Finding Fiddy: Determined to Finish What I Started
I went into Week 6 of swim lessons knowing it was crunch time. I gave myself eight weeks to learn to swim and I only had three more lessons to do it. The only thing standing between me and my goal was a tall, sturdy wall called side breathing.
I barely started working on side breathing the week before, but since I swallowed more water than air, I asked Kathleen if it was because I was rushing it or if it was because I wasn't rotating my body enough. She said it was probably both and explained that your body is on a sort of axis when swimming, so you have to learn to realign it when you rotate so you can grab a breath and keep your hips up.
To help improve my rotation, Kathleen had me try a drill in which I went forward on my belly for a few kicks, turned onto my back for a few kicks, then turned onto my belly again. I failed miserably the first time — "It usually takes someone four tries to get a drill right," she said — but the third time was the charm.
I worked on that drill for the rest of the lesson, going farther down the lane each time. I called it a day as soon as my lesson ended because my quad still wasn't anywhere near 100%.
I was back at the pool the next weekend for my seventh lesson. With my quad still on the mend, Kathleen had me wear fins to keep my legs from working too hard. She had me start with a freestyle swim to work on my side breathing, but I made no progress there. I told her I felt like I was too low in the water, so she brought out her video camera so that I could see what she saw.
After watching the footage, Kathleen determined that I'm where I should be, but that the problem is that my right arm shortens when I go to take a breath. She told me to start my rotation earlier in the stroke, but most importantly to slow things down to remain in control.
We focused on fixing those two issues for most of what was left of the lesson, and decided to end with underwater swims to help me learn how to press into the water and understand the role that head and body positioning plays in swimming.
I stayed for an extra 20 minutes afterwards to work on side breathing. Kathleen, who was still in the pool working with another client, noticed that one of my swims was exceptionally good.
"That was magnificent," she said, even though I confessed that I swam the entire lap without taking a breath, made possible by the fins. "It's OK. Your body was long and your strokes were perfect and under control."
That boosted my confidence, so I exited to pool before it all went downhill.

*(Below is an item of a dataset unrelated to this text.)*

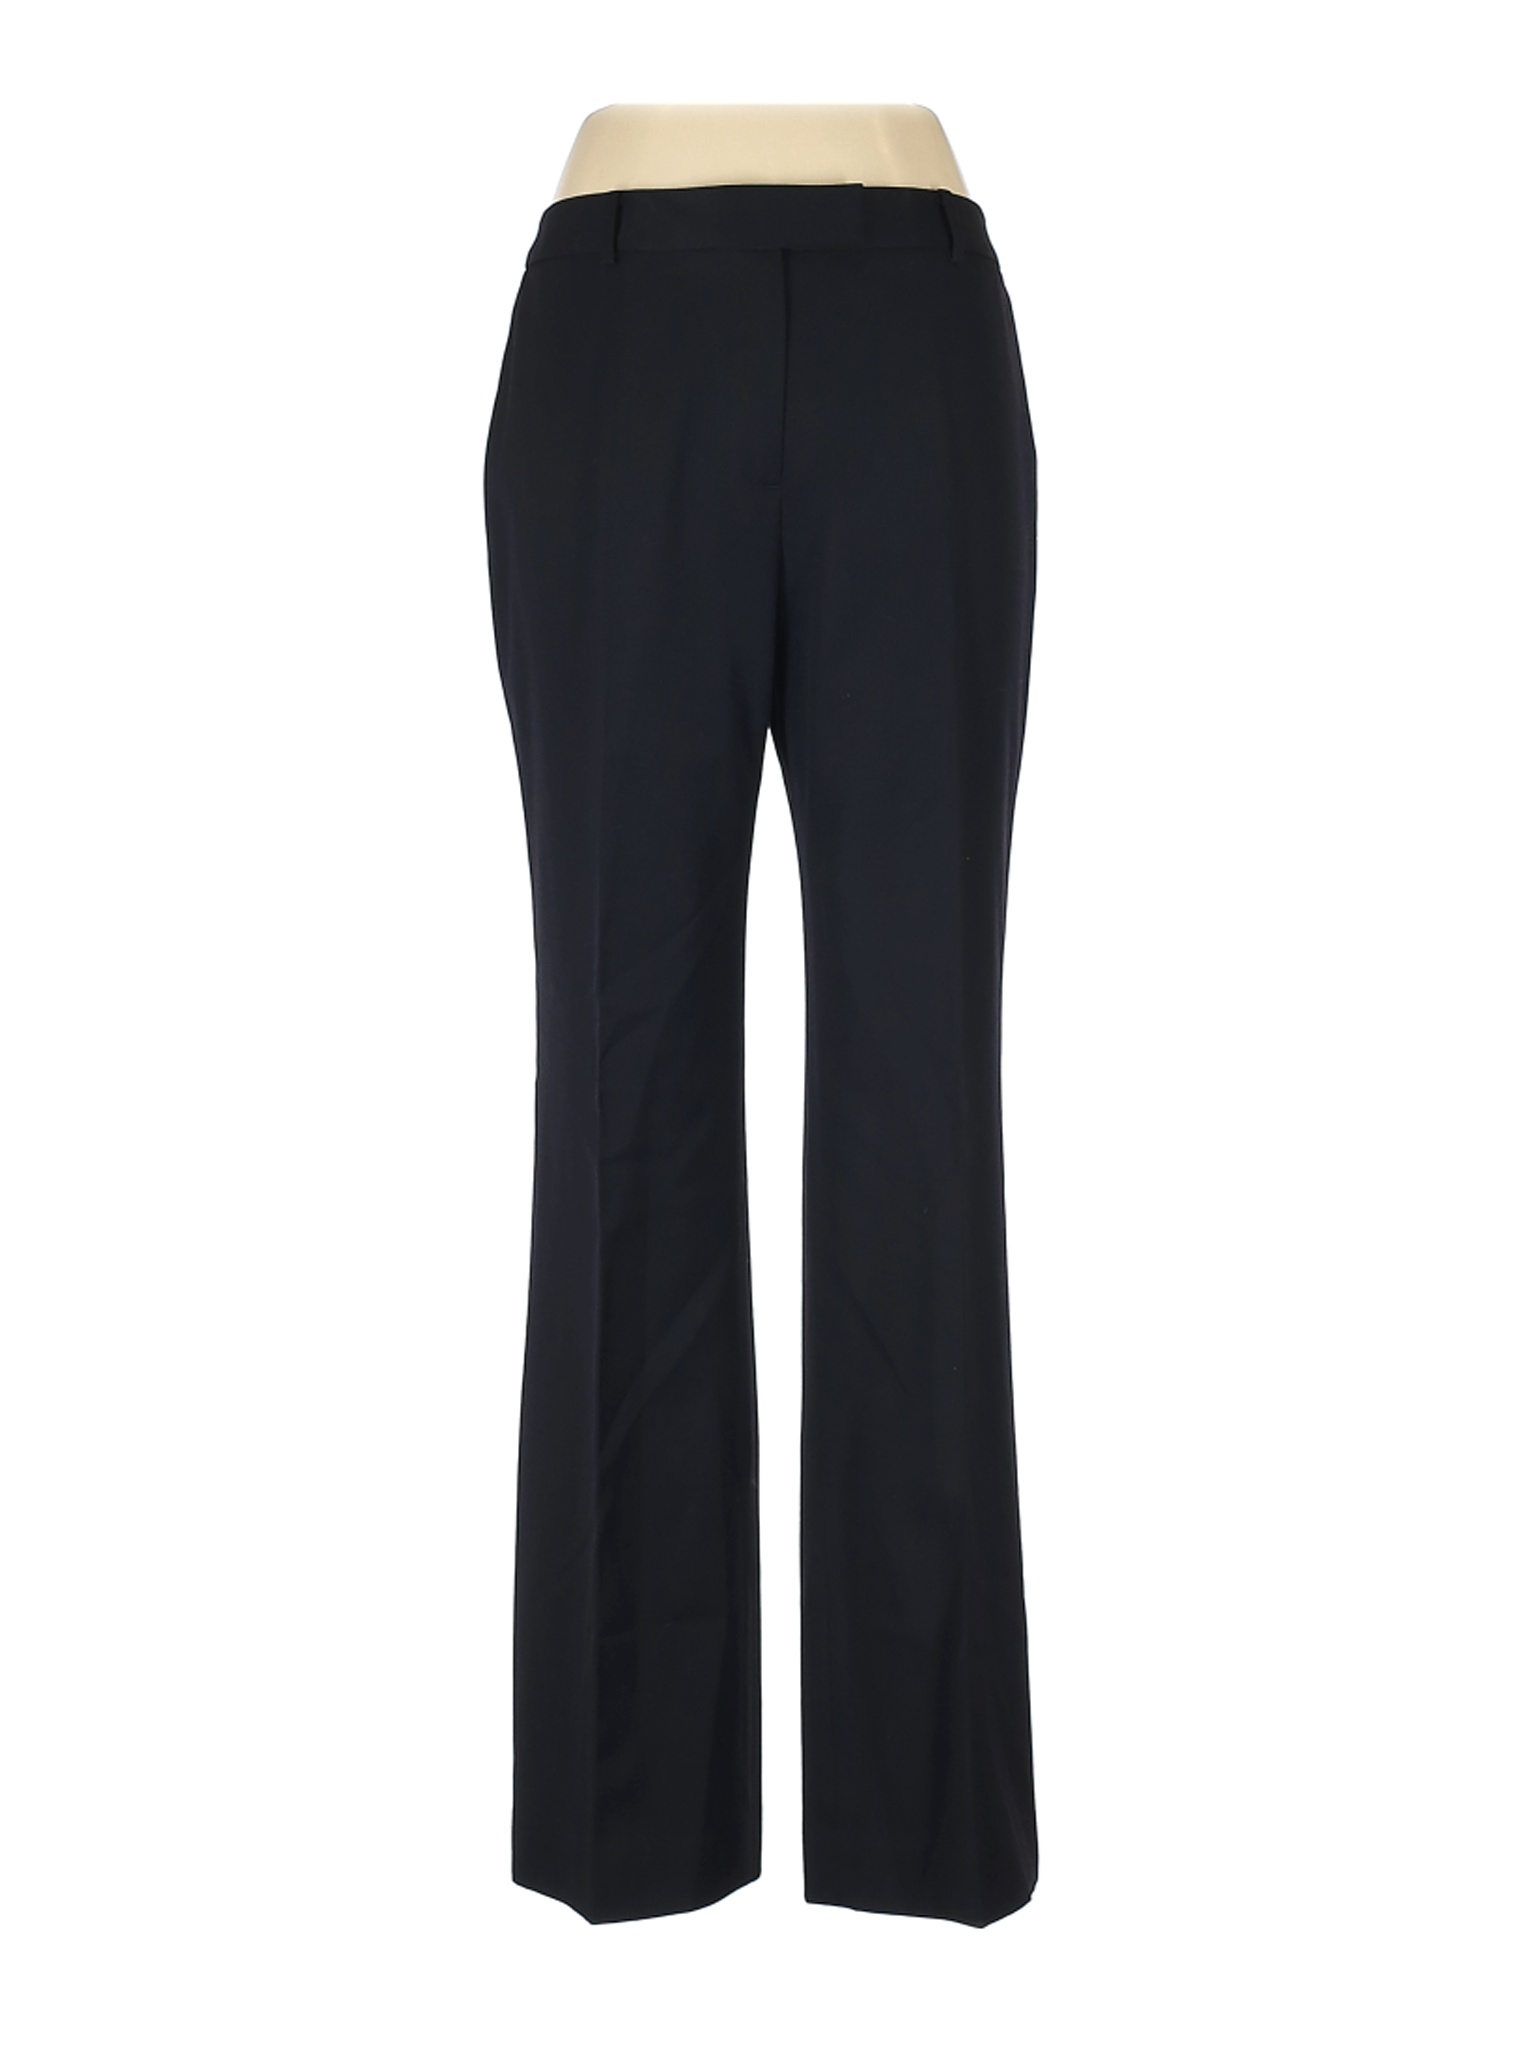 Brooks Brothers 346 Women Black Dress Pants 10 | eBay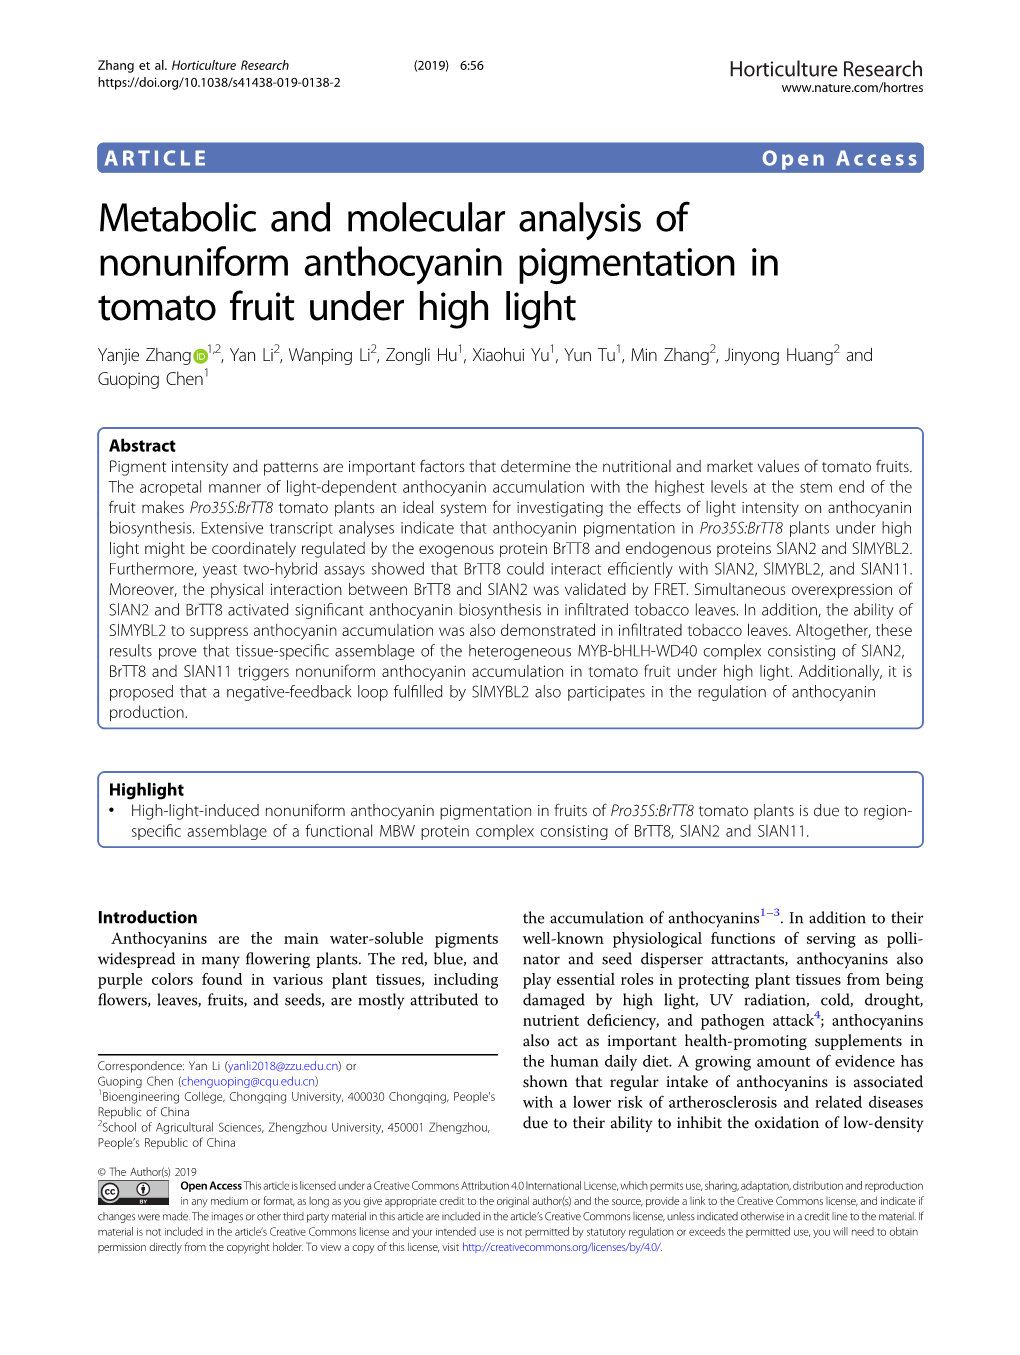 Metabolic and Molecular Analysis of Nonuniform Anthocyanin

Left: My eighth and final lesson at ClubSport San Jose. Right: I liked swimming with fins so much that I decided to buy my own pair.
For my eighth and final lesson, Kathleen shifted the focus to feeling more relaxed and confident on my back. She had me grab a kickboard and told me to gently rest my hands on it to keep my body up, and to kick as if I was showing off my pedicure. I kept sinking, so she held me up until I got the hang of it. The funny thing is that the only support she gave me was putting her fingers under my feet, but apparently that was enough contact to fool me into thinking she was actually keeping me afloat. Kathleen also pointed out that I was so tense, I resembled a rooster with its chest puffed up.
I started to feel more comfortable and Kathleen eventually took the kickboard away. We worked on that exercise for the rest of the lesson and I was actually able to wade the entire length of the pool a couple of times. It might not sound like much, but for the first time in eight lessons, I felt at ease in the water and a great sense of accomplishment.
So with that, my eight lessons came to an end. Kathleen asked if I planned on continuing with swim lessons and I promptly responded yes. While learning to swim has been a much greater challenge than I expected, I know I'm close to connecting it all together and I'm determined to finish what I've started.
As for Kathleen, she's an amazing instructor and I definitely appreciate how attentive she was during every lesson. She really listened, watched closely to see what I did right and what I had to improve upon, explained and demonstrated everything in a way that's easy to understand, and challenged me without overwhelming me. Most importantly, she gave me the tools I needed to go from complete beginner to actual swimmer.
All in all, I am proud of the progress I made. I went from someone who didn't want to leave the edge of the pool to someone who really wants to reach the other end of it. I hope my experience has motivated at least one other person to go out there and take the plunge to learn to swim (or brush up on their skills). Thanks for following along — maybe I'll see you in the pool!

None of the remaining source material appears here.